NovoAir has also considered wet leases as a stopgap measure, but discussions revealed that such arrangements are not commercially viable for the carrier. Lessors generally prefer wet leases that last no longer than six months, and stringent Bangladeshi aviation regulations make longer wet lease periods difficult to secure. Since May of last year, NovoAir has been actively seeking to lock in a suitable dry lease agreement, but prospects remain uncertain. Rahman now estimates it may take another year to source the ideal aircraft to meet the airline’s expansion plans.

In a bid to upgrade its existing fleet, NovoAir is also looking to modernize its current ATR72-500s by converting them to ATR72-600s. However, supply chain issues at ATR – Avions de Transport Régional – particularly concerning spare parts, have impacted fleet maintenance, with ch-aviation data revealing that two out of the five ATR jets are currently out-of-service.

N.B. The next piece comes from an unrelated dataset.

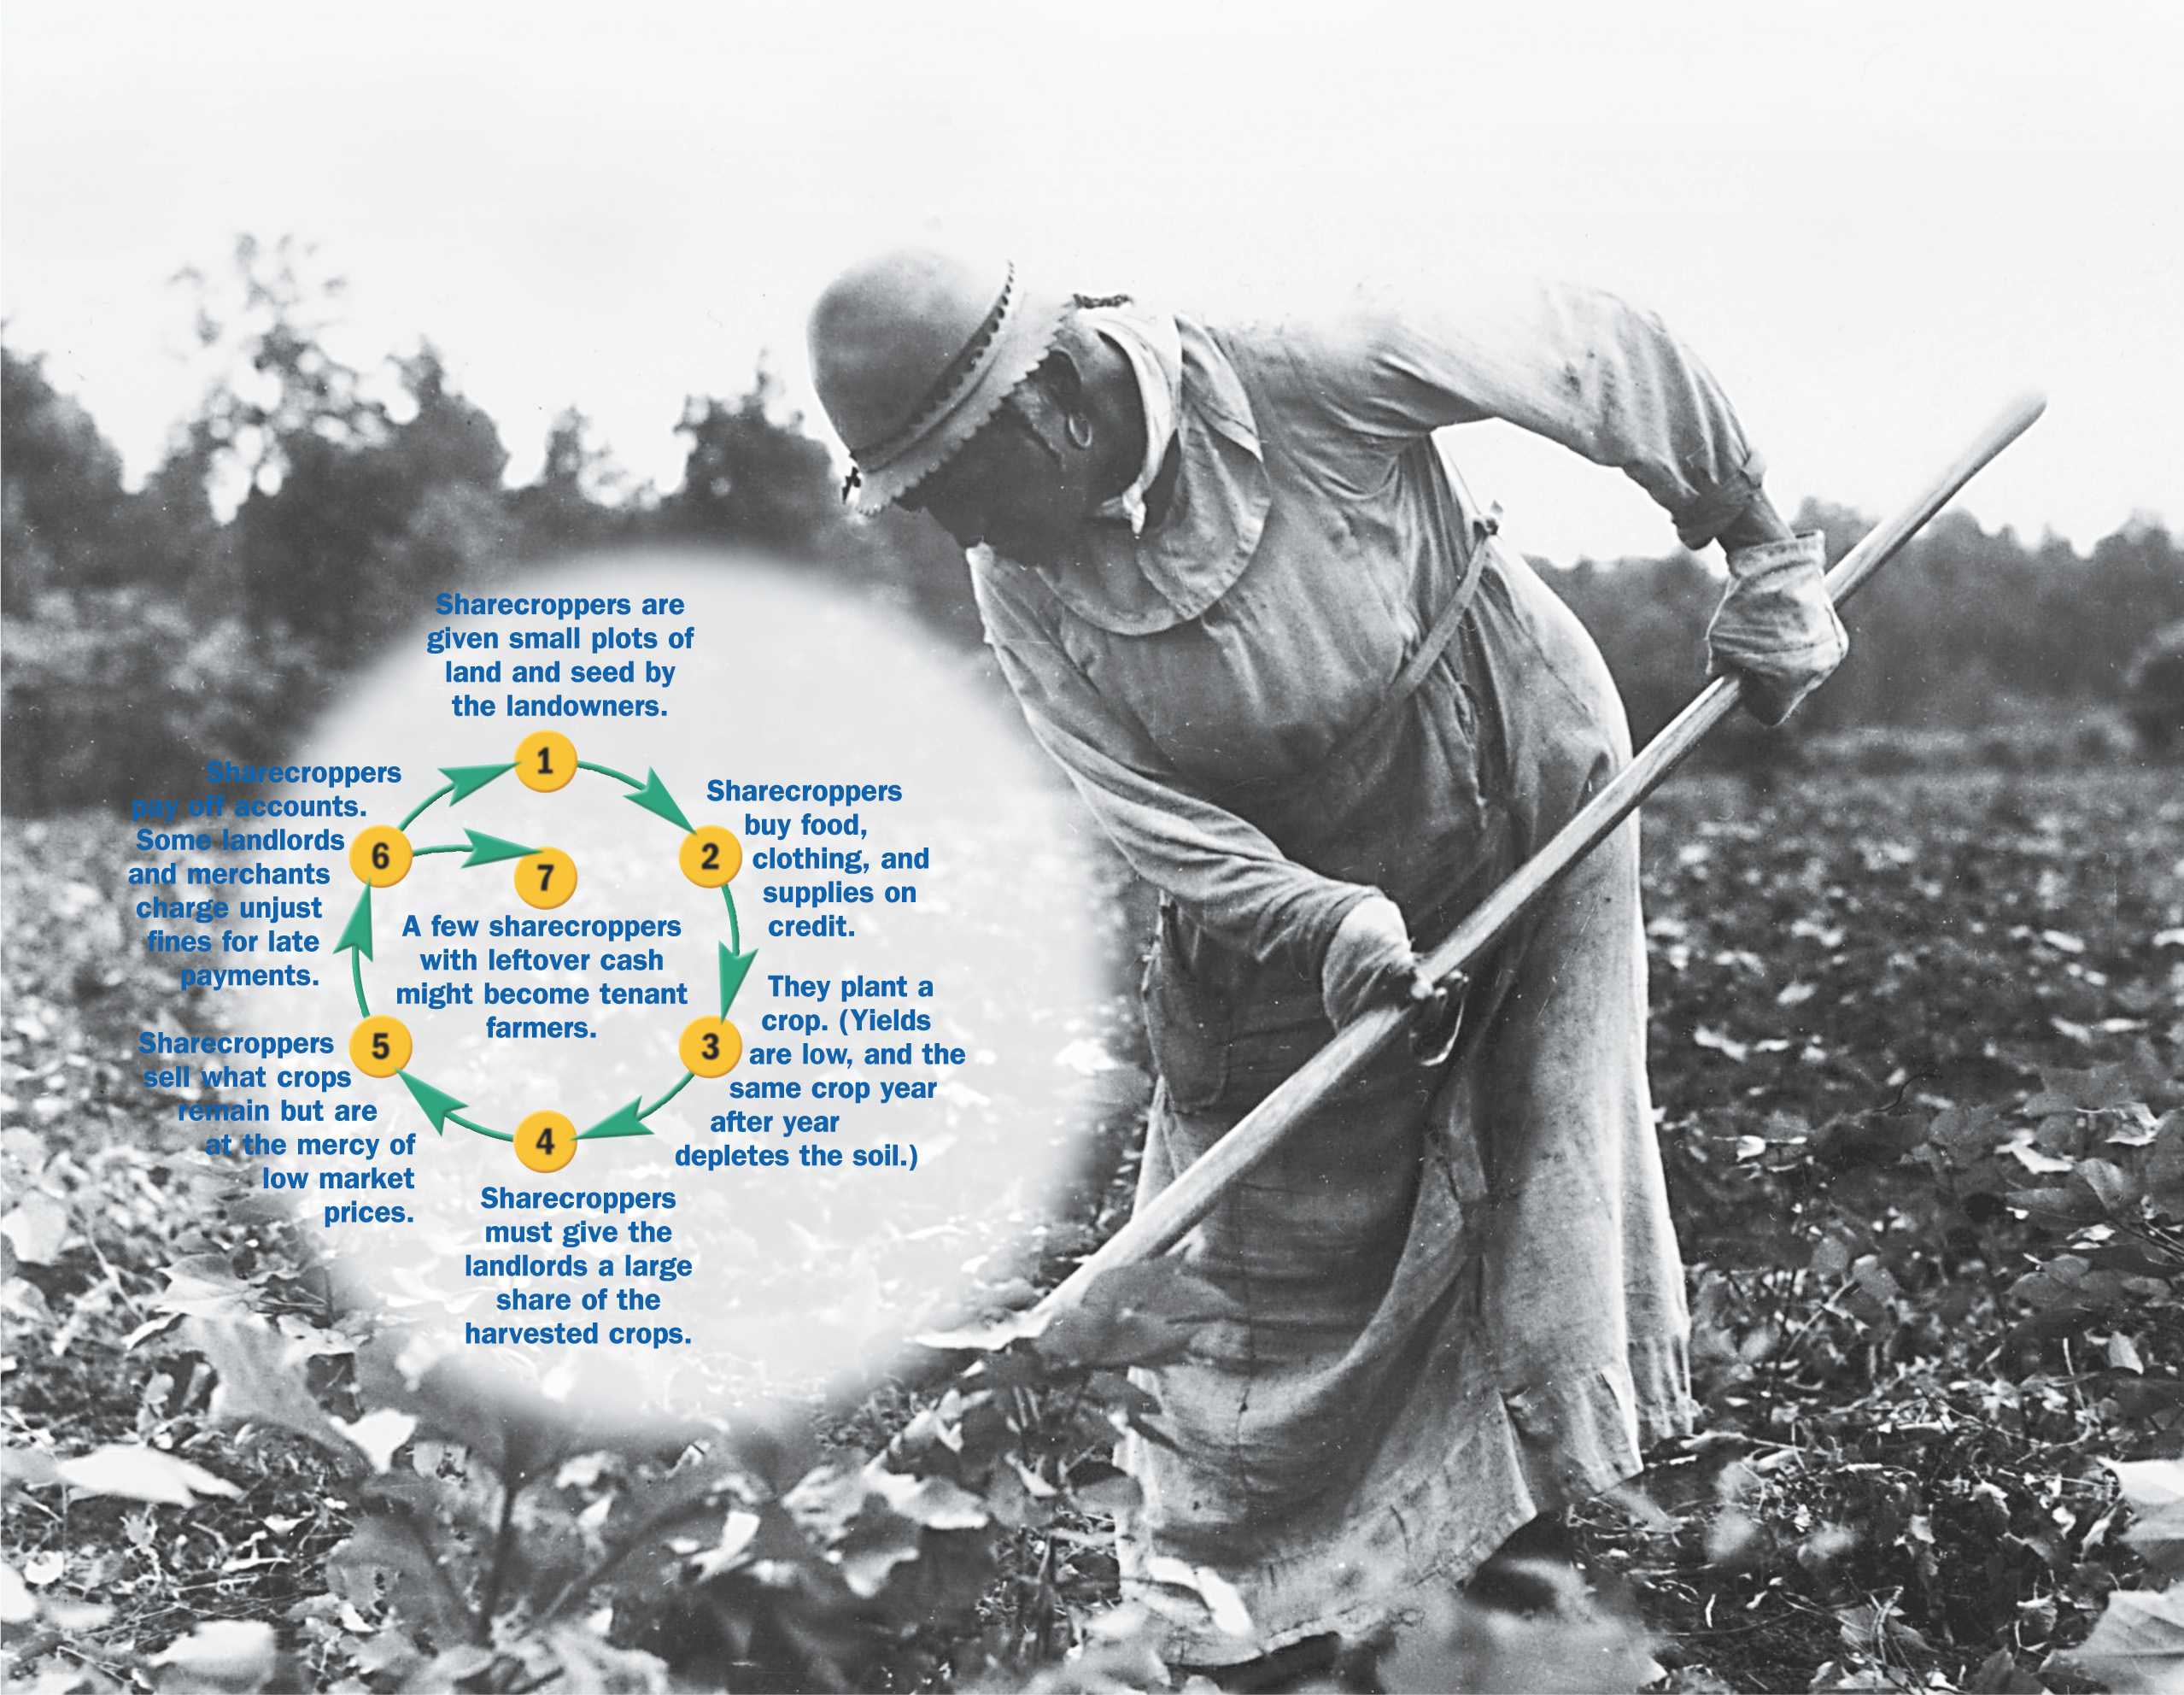 A circular chart showing how sharecropping works accompanies a photo of a woman working in a field.

Looking ahead, Rahman envisions a broader international expansion once the fleet challenges are resolved. He hopes to extend NovoAir’s operations beyond domestic routes, with plans to serve major international airports including Kuala Lumpur International, Bangkok Suvarnabhumi, Singapore Changi, Dubai International, Sharjah, and Muscat. Such a move would significantly enhance the airline’s network, enabling it to tap into lucrative international markets while increasing connectivity across Asia and the Middle East.

Despite these challenges, NovoAir remains committed to overcoming the obstacles imposed by the scarcity of aircraft and lessor preferences. Preliminary discussions with various lessors have shown some promise of locking in an aircraft deal within the first half of this year. With determination and strategic adjustments, NovoAir aims to grow its fleet, expand its route network, and fulfill its potential as a significant player in both domestic and international aviation markets.